To be exhaustive on the synthesis route of benzaldehyde from the benzyl alcohol oxidation, the aldehyde could be obtained by several methods such as distillation, extraction, or high conversion. The distillation seems feasible from an industrial point of view. This method takes advantage of the difference in boiling points between benzyl alcohol (bp. 205 °C) and benzaldehyde (bp. 179 °C) to separate them by fractional distillation. Another industrial process could be extraction. Indeed, benzyl alcohol and benzaldehyde have different solubilities in various solvents. Selective extraction using an appropriate solvent can be employed to separate the two compounds. This could be done in the flow process when the mixture of substrate and products is quenched in a final reactor with an adequate solvent to precipitate one of the compounds (residual benzyl alcohol, for example). Optimum reaction conditions may also be of interest. If benzyl alcohol and benzaldehyde can be selectively converted into different compounds, such as by further oxidation of benzyl alcohol to benzoic acid (or esters), separation can be achieved by exploiting the different reactivities of the products. Also, at 100% conversion, no further separation is needed.
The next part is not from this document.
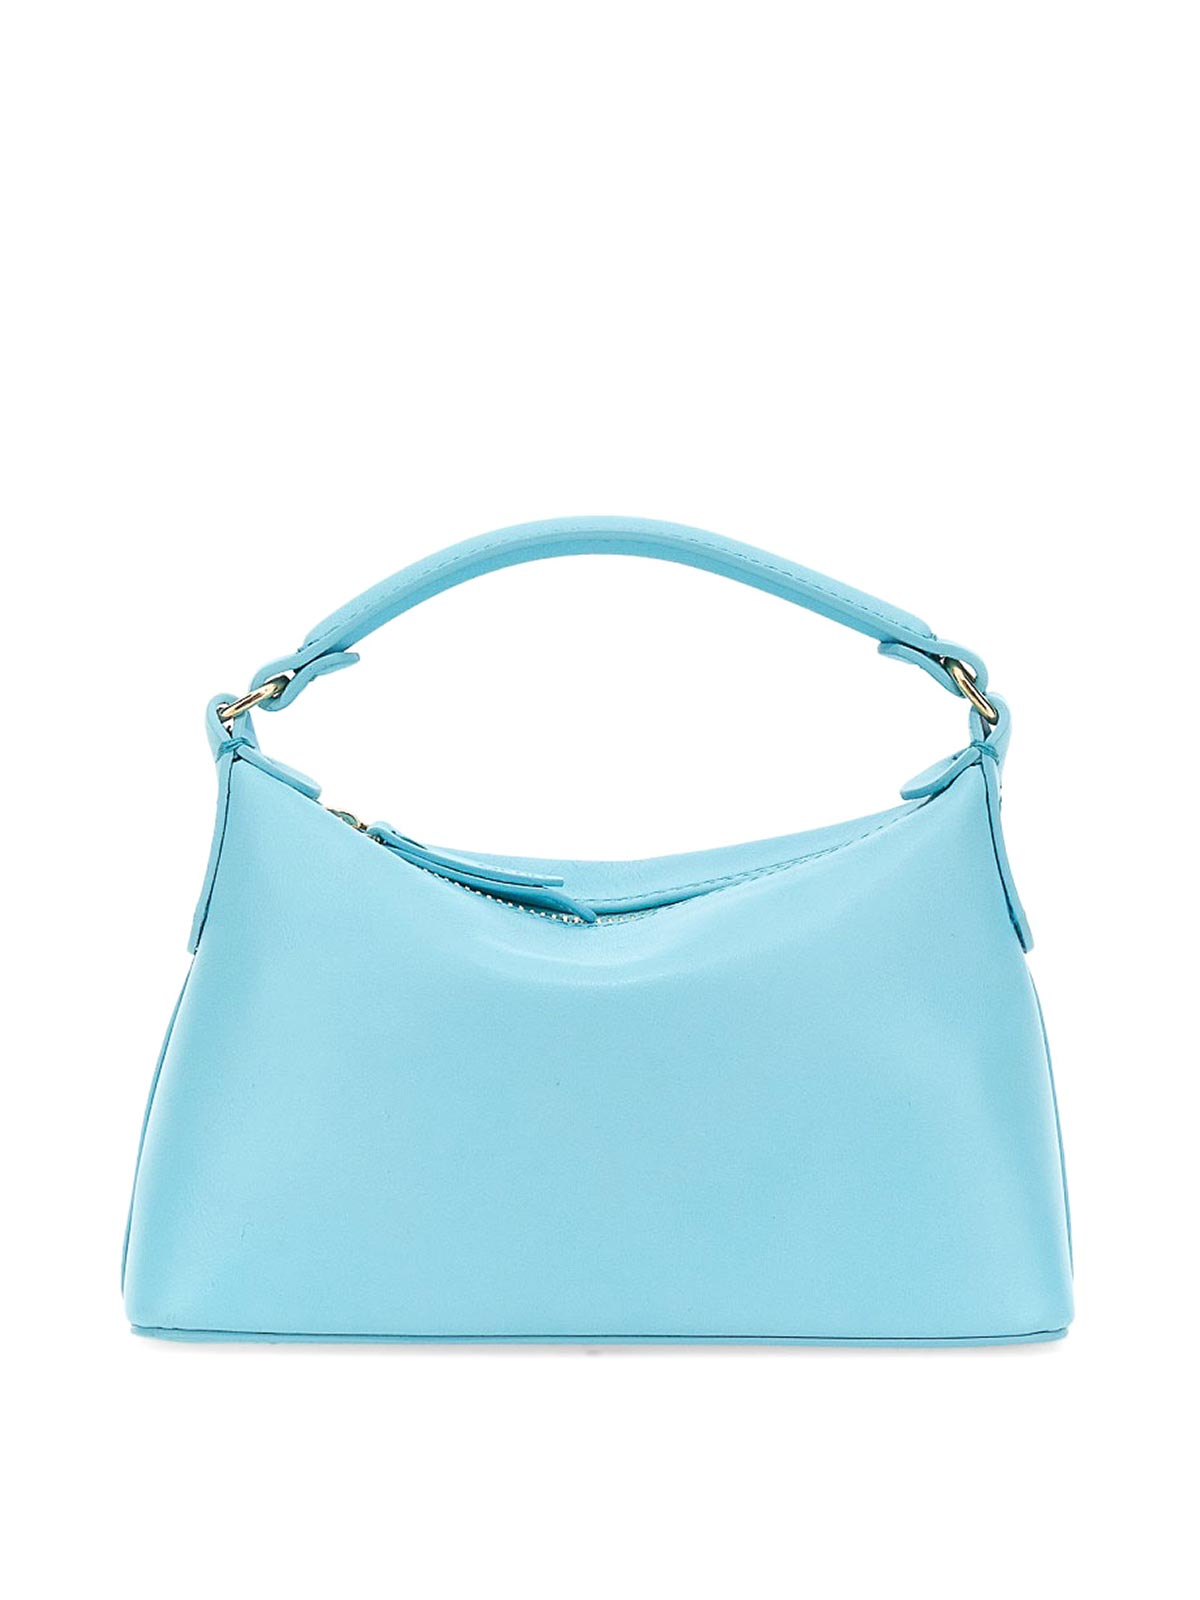 Leonie Hanne Hobo Shoulder Strap Bag In Light Blue

This initial approach has made it possible to identify the feasibility of conducting the aerobic photooxidation of benzyl alcohol into benzaldehyde under mild conditions from a bio-sourced support (g-${\mathrm{C}}_3{\mathrm{N}}_4$). Moreover, this study shows the potential of this new carbon support, with better photocatalytic properties than the usual semiconductors ($\mathrm{T}\mathrm{i}{\mathrm{O}}_2$). Nevertheless, there is still room for improvement in achieving the green chemistry principles. Some strategies could focus on the amount of gold supported, the quantity of photocatalyst, the choice of the acid, the time of the reaction, and the type of the lighting source (switch to a polychromatic source or even sunlight).